|Arrested Development: Season Two (2004)
Starring: Jason Bateman, Jeffrey Tambor, Potia de Rossi, Will Arnett, Michael Cera, Alia Shawkat, Tony Hale, David Cross, Jessica Walter
It’s pretty much standard practice to expect network doofus Fox to cancel all of its quality programming before they even get a chance to find a niche audience, but not every series that gets the axe is necessarily a shining nugget of excellence (i.e. the recently canned “Head Cases”). That being said, the critically-acclaimed comedy series “Arrested Development” is an even more interesting case study of Fox’s bewildering scheduling decisions. Just barely avoiding cancellation at the end of last year’s second season, despite the series’ unanimous praise, “Arrested Development” has remained the most original half-hour of television since the debut of “Seinfeld.” Dodging Fox’s erratic swinging axe didn’t come without its consequences either. The second season work order was cut from twenty-two to eighteen episodes, as if to say “You might be the entertainment world’s network television darling, but if you don’t make us money, we could care less.”
Fortunately, series creator Mitchell Hurwitz and his team of brilliant writers paid little attention to the demands of the network, and instead embarked on a second season that’s even zanier than the first. The Bluth family business is still in turmoil, with middle child Michael (Jason Bateman) doing everything in his power to keep it afloat, while his older brother Gob (Will Arnett) continues to get in his way. Meanwhile, Lindsay (Portia de Rossi) and Tobias (David Cross) agree to take a break from the married life, just as Lucille (Jessica Walter) rekindles an old relationship with Oscar (Jeffrey Tambor), the hippie twin brother of her jailed husband, George Sr. (also played by Tambor). George Sr., coincidentally, knows about the affair because he’s currently hiding from the government in Michael’s attic.

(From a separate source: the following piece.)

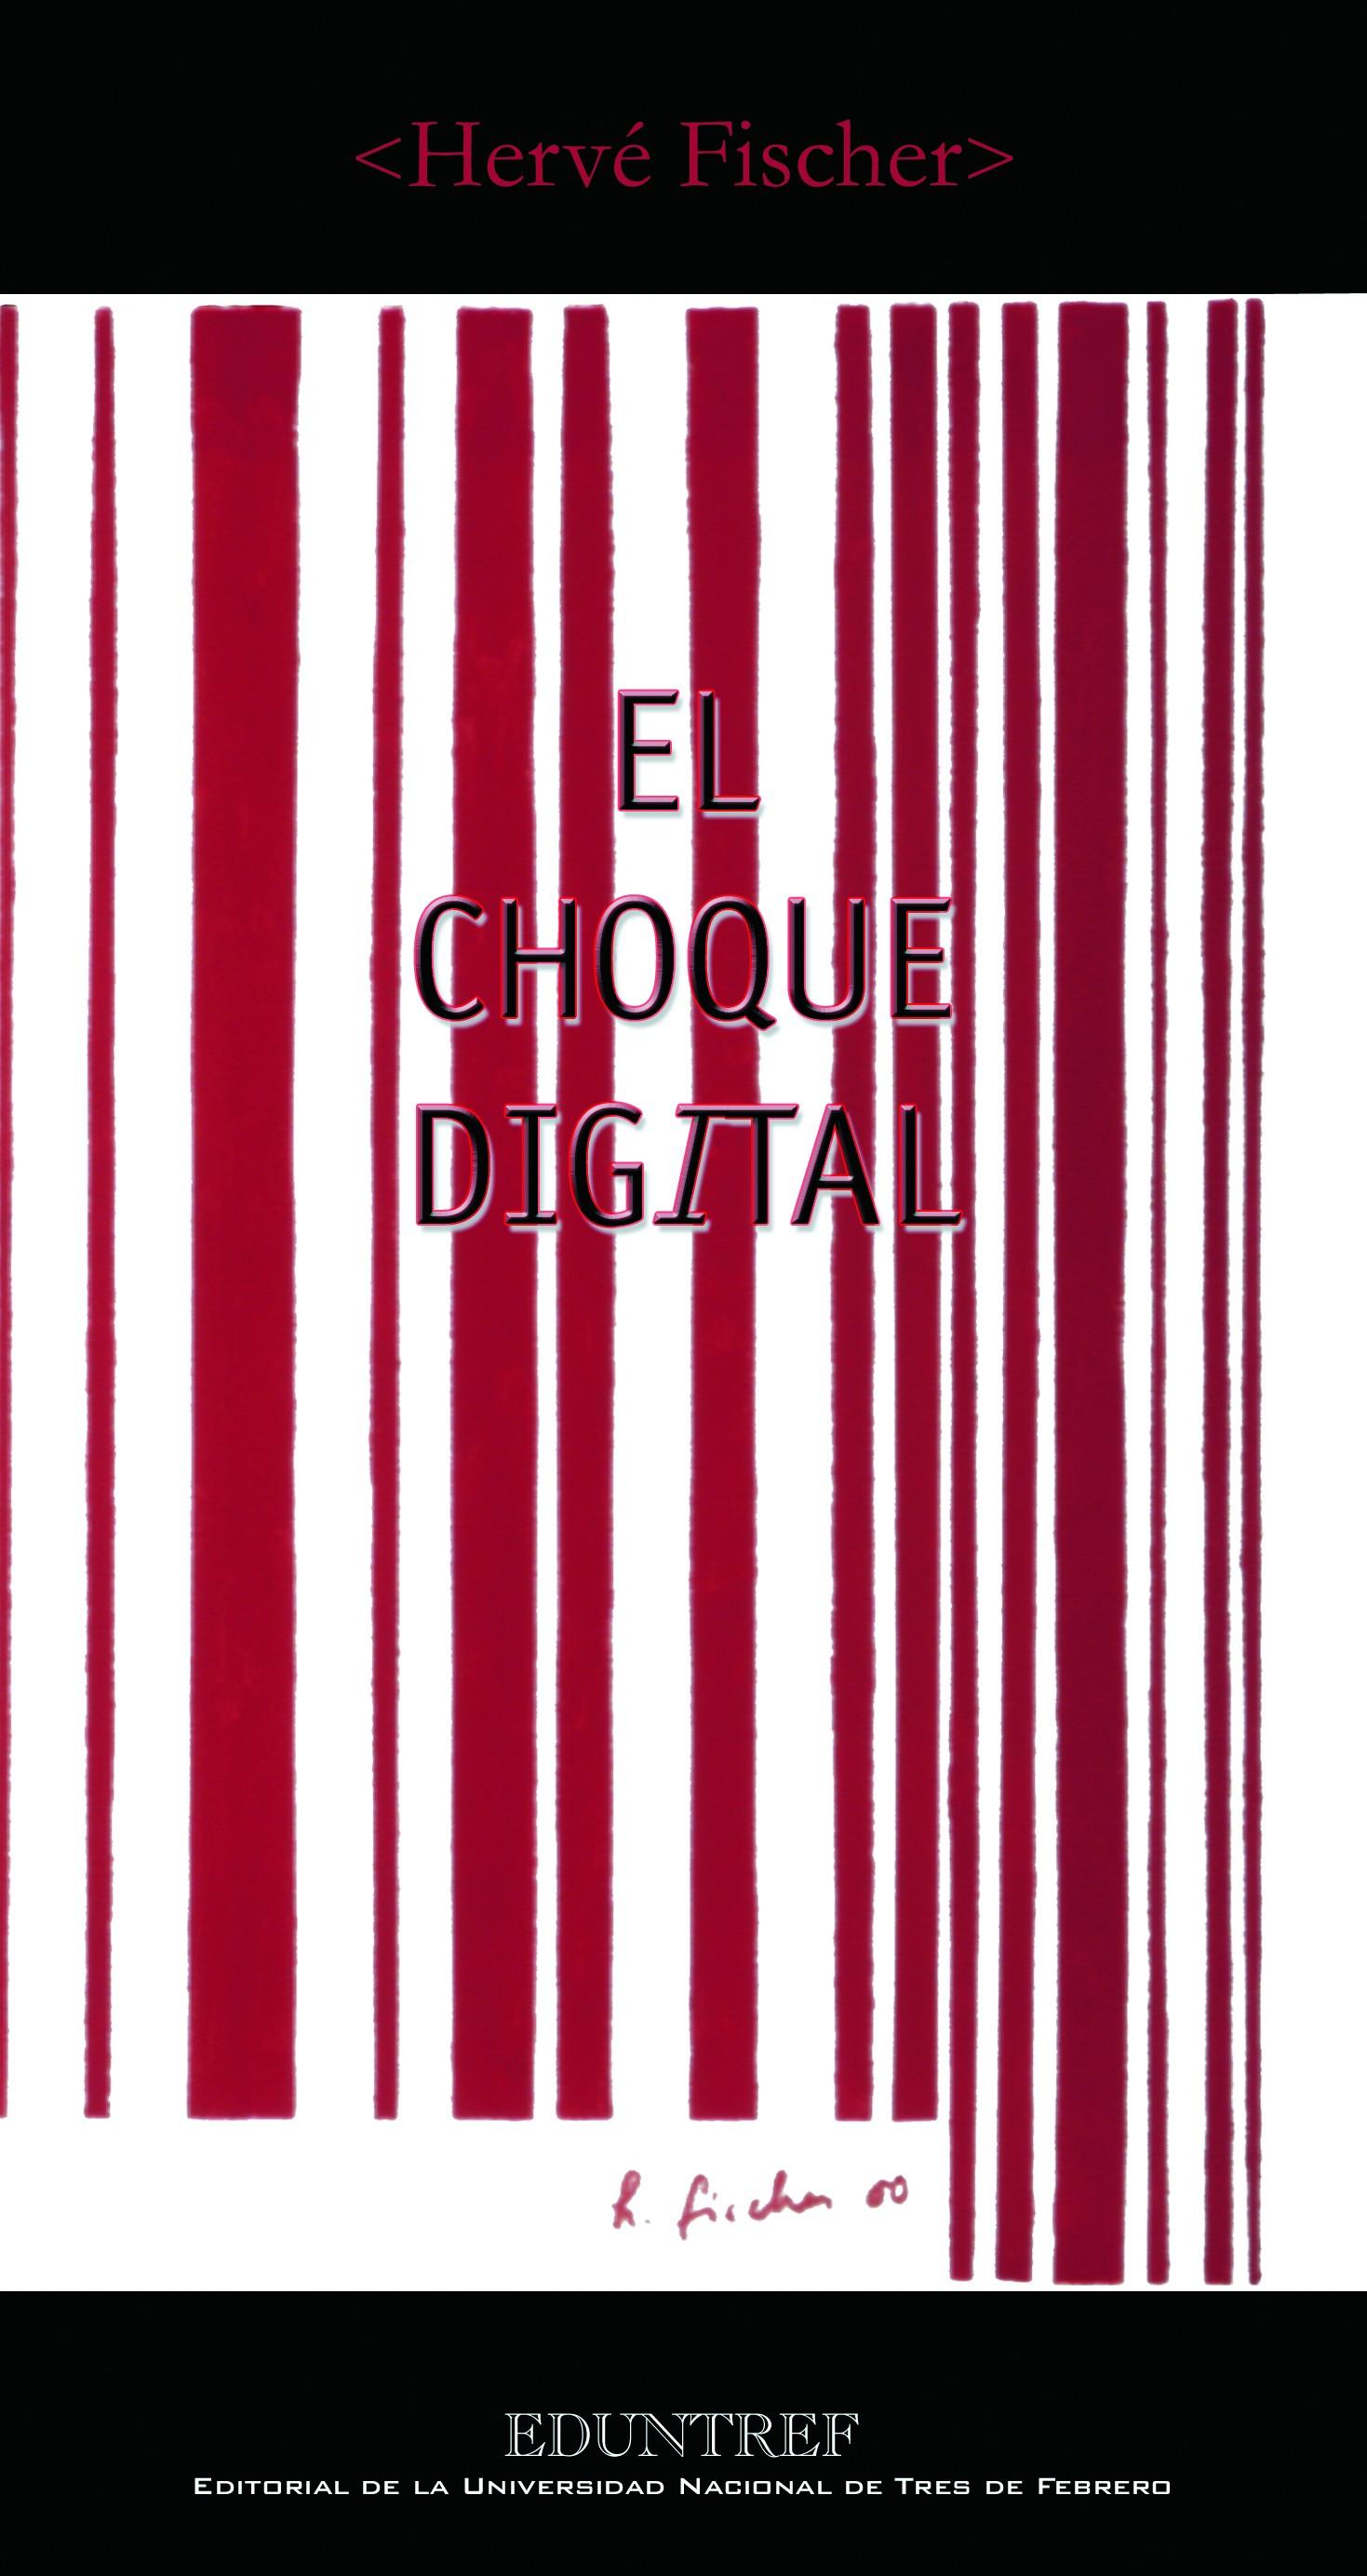 El choque digital

Also adding to the family hijinks is mamma’s boy Buster (Tony Hale), who enrolls in the Army only to have his hand bitten off by a seal, and Michael’s own son, Michael Jr. (Michael Cera), a troubled teen who’s coping with the idea of being in love with his cousin Maeby (Alia Shawkat), while Maeby herself feels the same way. In an attempt to avoid spending time together, Michael Jr. begins to date Ann (Mae Whitman) - a girl his father would much rather him not be with – and Maeby somehow shams her way into a career as a powerful movie producer.
The show isn’t without its cast of hilarious cameo performances either, again led by Henry Winkler as the family lawyer and Liza Minnelli as Lucille’s social adversary. Also making cameo appearances throughout the season are Julia Louis-Dreyfus and Christine Taylor (as two of Michael’s short-lived love interests), Ben Stiller (as a rival magician), and Zach Braff, though while many of these actors certainly add to the comedic allure of the show, it’s the sharp and courageous writing that makes “Arrested Development” so unique. The entire cast deliver award-worthy performances (with a few of them actually nabbing nominations they so greatly deserved), but Jason Bateman and Will Arnett are still stand-outs in my mind, while the young Michael Cera has continued to prove that he’s just as good as the big boys.
The DVD release of the second season is given equal treatment from the series’ last foray onto disc, with all 18 episodes evenly divided onto three separate discs and presented in 1.78:1 widescreen (one of the only shows to do so) and a Dolby Surround soundtrack. Perhaps the most enjoyable special features on the three-disc box set are the cast commentaries for the following episodes: “Good Grief” (disc one), “Ready, Aim, Fire Me!” (disc two), and “The Righteous Brothers” (disc three). A majority of the cast appears on all three audio tracks - which our absolutely hilarious to listen to - but Jason Bateman, sadly, does not; he must have been off filming a small role for the latest Frat Pack movie. Also included on all three discs are a series of deleted/extended scenes by episode, a three-minute season one recap (disc one), and an eight-minute blooper reel (disc three) that includes David Cross ranting about the show’s shitty marketing team for not being able to correctly promote a series with copious awards.
Okay, so the extras featured on the season two box set aren’t nearly as plentiful as the ones that appear on the first season, but can you really blame anyone but Fox? They more than likely didn’t want to waste money producing a handful of special features for a DVD they didn’t expect to sell well, so why bother, right? That seems to be their method of approach with this show, anyways. What’s easily one of the best comedies on television, “Arrested Development” has time and again proven to be one of the most creative, no-holds-barred shows ever created, and yet the average couch potato refuses to give anything that doesn’t consistently make sense a standing chance in their weekly line-up. But every year, millions of viewers complain about how there’s nothing new on television worth checking out, when the answer is sitting right in front of them; or rather, on Fox, on Monday nights.